Usually, students learn about pollinators by reading a paragraph or two in a textbook. However, 10th graders at Magna Vista High School took their lesson to a whole different level.
Frances Lash and Brook Hankins teach an Ecology class to Warrior Tech Academy students at MVHS. Like many Warrior Tech classes, learning about Ecology allows students an opportunity to experience project-based learning as opposed to by-the-books academic work.
Instead of reading about pollinators and moving on, students in the Ecology class took it upon themselves to create habitats in hopes of attracting native animal species to the area.
The class constructed the habitats out of wooden frames.
“We built shelves in them with a lot of hammering and nails,” Dalton Wright said.
Students adorned their habitats with chicken wire, flower pots, bricks, bark, bamboo and other items they found outdoors. Pupils received guidance from the Master Naturalists and Master Gardeners, but they created the boxes on their own.
“Anything in the classroom, we couldn’t use,” Wright said about the materials that students placed inside the habitats. “We had to find it outside.”

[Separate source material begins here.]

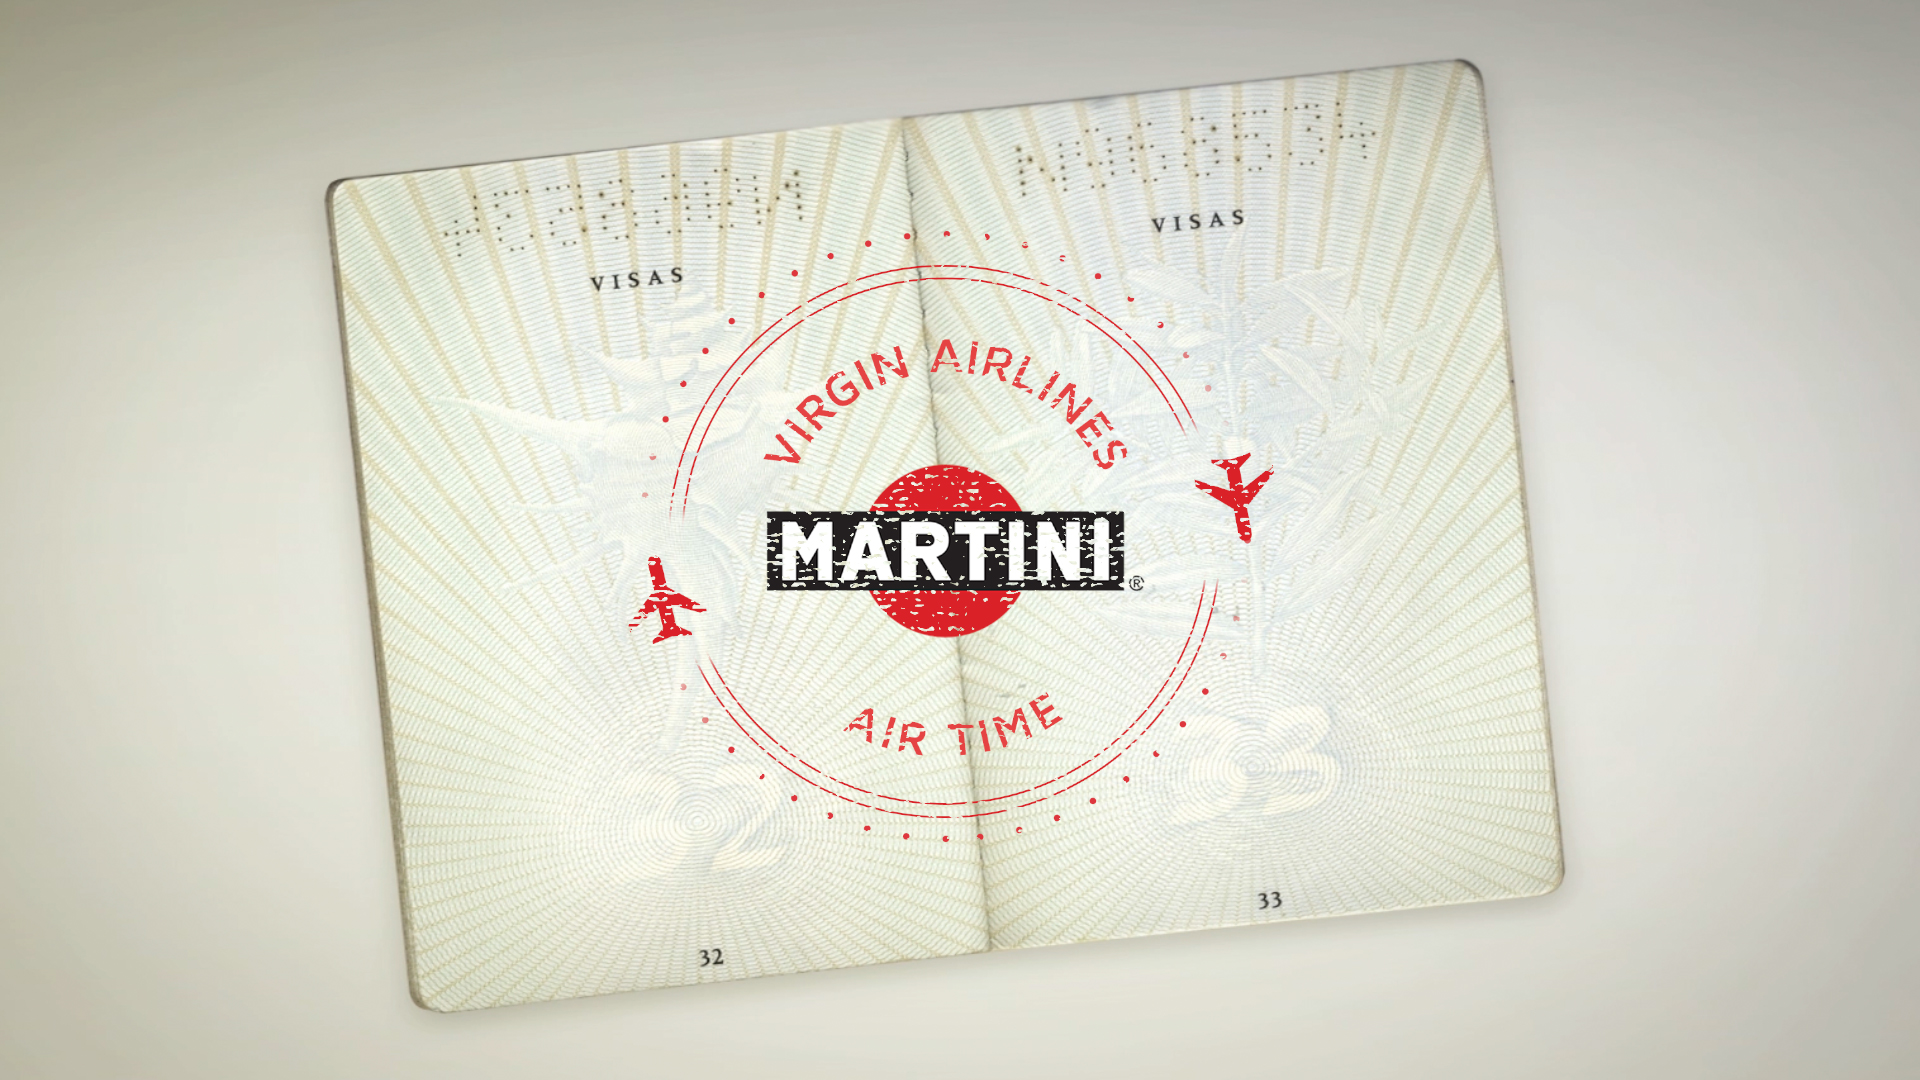 Airtime | Martini | VEGA Digital Awards

“We couldn’t buy anything,” Shemro said. “[Lash] wanted it all used.”
Not only did it help students practice the importance of reducing, reusing and recycling, but it also gave kids an opportunity to go beyond the walls of the classroom to complete the project.
“Everybody needs some sort of resources from outside,” Lash said. “Some people don’t really appreciate why it’s important.”
Lash said that some of the Ecology students weren’t crazy about going outdoors at the beginning of the semester. However, many grew to appreciate the land beyond the window by the end of the year.
Holden Agee explained the importance of pollinator animals.
“It helps the plants reproduce,” Agee said. “[An insect] will land on a plant and will get all of this pollen on the little hairs on its legs. Then it’ll go to the next plant.”
Annaii Estes said students got to decide which type of animal they would like to attract.
“We put pots on there because butterflies like to find smaller places,” Wright said.
“Carpenter bees like tiny tubes,” Shemro said. “We did a hover fly.”
Students attempted to attract a variety of other insects, including moths and bumblebees. One student even wanted to give wasps a place to live.
“We wanted to make [the habitats] natural, but cute, like, appealing to the eye,” Shemro said. “We’re going to put them out there.”
Several pollinators are already serving the community at the Smith River Sports Complex on the Paw Path.
For those interested in attracting pollinator animals to their own back yards, Agee said, “Start off very simple. You don’t have to make it so complicated.”
Shemro said creating the pollinators in the classroom isn’t a lesson she’ll soon forget.
“I think that’s my favorite project we did all year,” Shemro said.